Statistically, there was no overall difference between the two conditions. That is, panel b notwithstanding, people tended to look at the clip in synchrony (or not) irrespective of whether or not they know about the bomb in the car. Moreover, when each condition was compared to a baseline distribution consisting of randomly shuffled eye movements, both conditions were found to exhibit more synchrony than this random baseline. In other words, each group exhibited a significant—but time-varying—extent of synchrony of eye movements across participants. No matter whether we know about the bomb or not, we all tend to look in the same place at certain times whereas at other times we tend to explore the screen in an idiosyncratic manner.
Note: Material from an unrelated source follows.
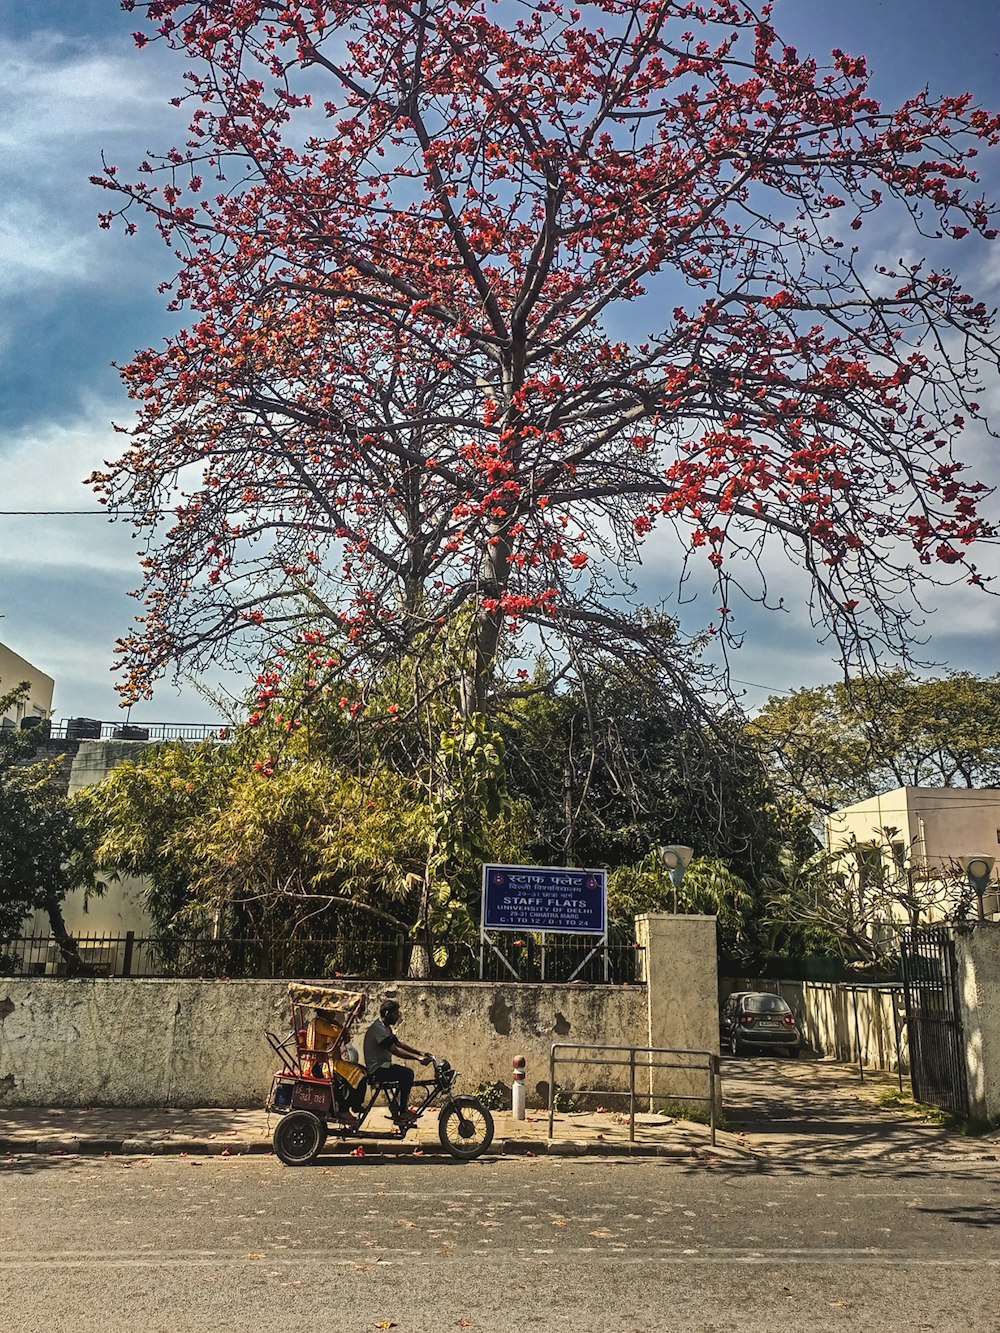 une moto garée à côté d’un arbre avec des fleurs rouges

The same pattern arises when the fixations on the car are analysed. The next figure shows that the two conditions do not differ on this measure (an impression confirmed by statistical analysis).

These results are quite intriguing because they suggest that even when a crucial piece of knowledge is absent, people watch the movie in the same way as do people who have that critical knowledge and who therefore can form a more accurate mental model of events.
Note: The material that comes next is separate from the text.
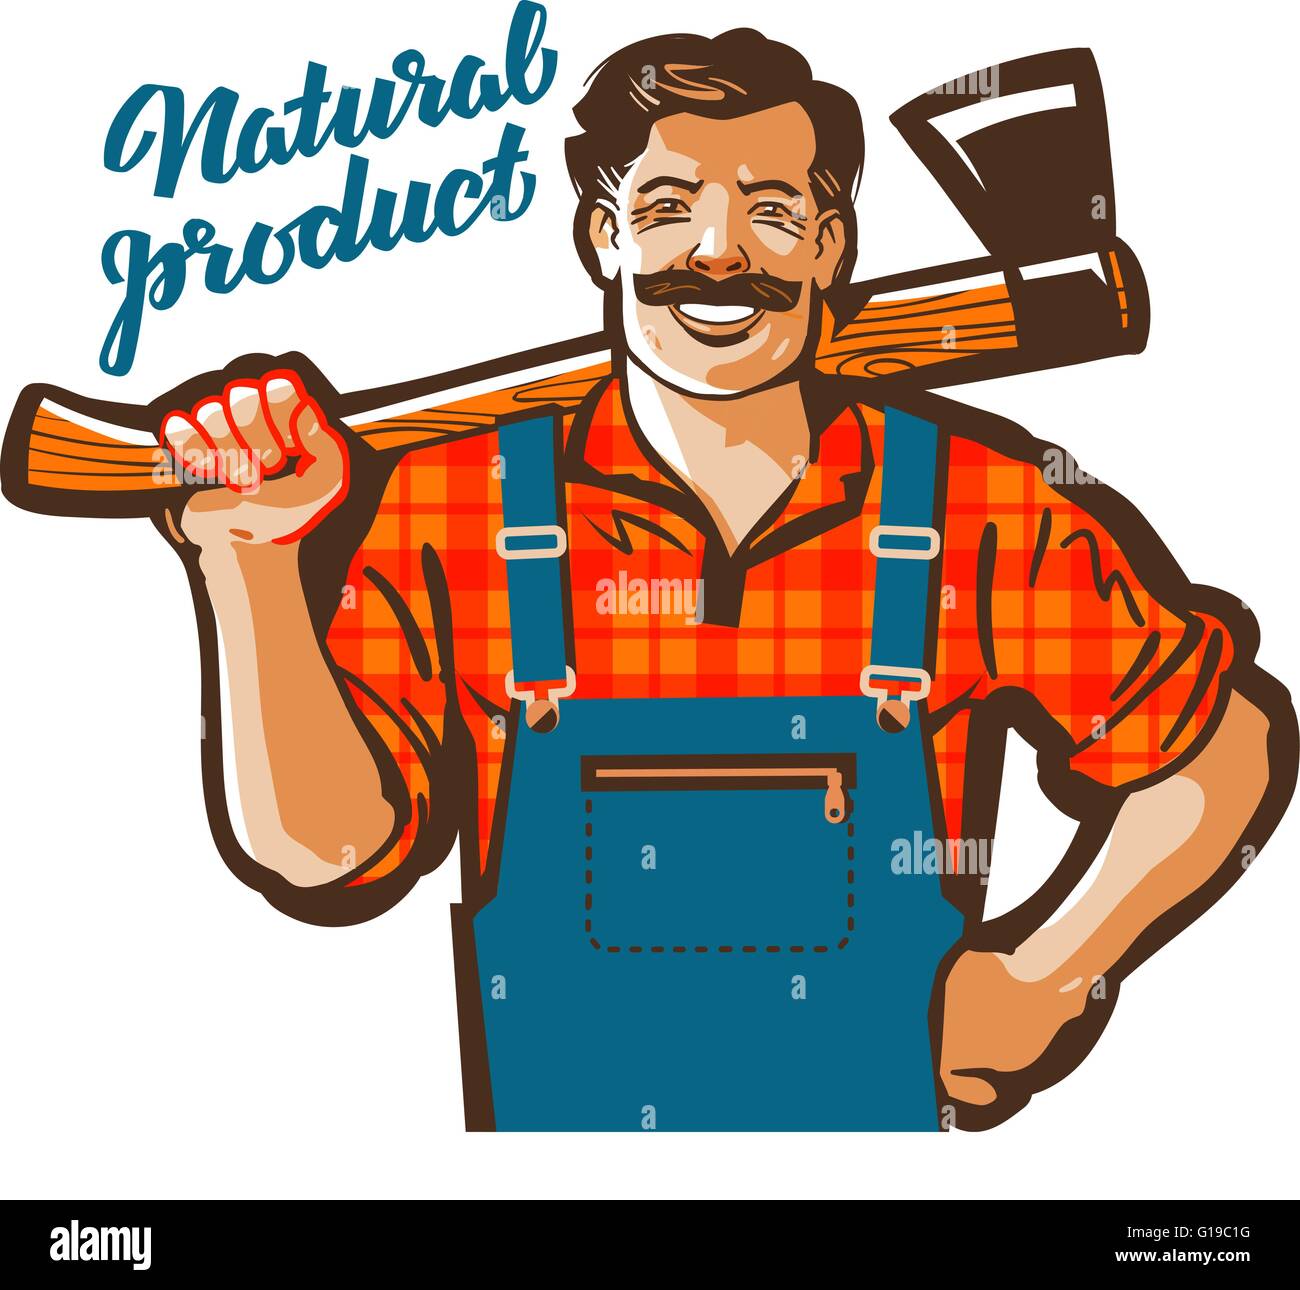 funny cartoon carpenter or lumberjack. vector illustration Stock Vector

The results suggest that Steven Spielberg got it right: the director can make us look where he or she wants us to, irrespective of what our mental model of the event is, in the same way that we cannot help but be in synchrony while watching a tennis match:

Does this mean that the “Tyranny of Film” is inescapable?

In two further experiments, Hutson and colleagues provided some boundary conditions on this apparent resistance of eye movements to contextual manipulations.

In one follow-up experiment, a condition was introduced in which even more context was removed from the clip. That is, participants never saw the couple entering the car, thus rendering it tangential to the unfolding scene. In that condition, participants did not take much notice of the car when it first appeared, unlike the conditions in which the couple had been seen getting into the car.

In a second follow-up experiments, participants were told that they would have to draw a detailed map of the locations in the scene from memory after the clip was finished. This manipulation also introduced some divergence in car-fixations compared to the context condition in the main study.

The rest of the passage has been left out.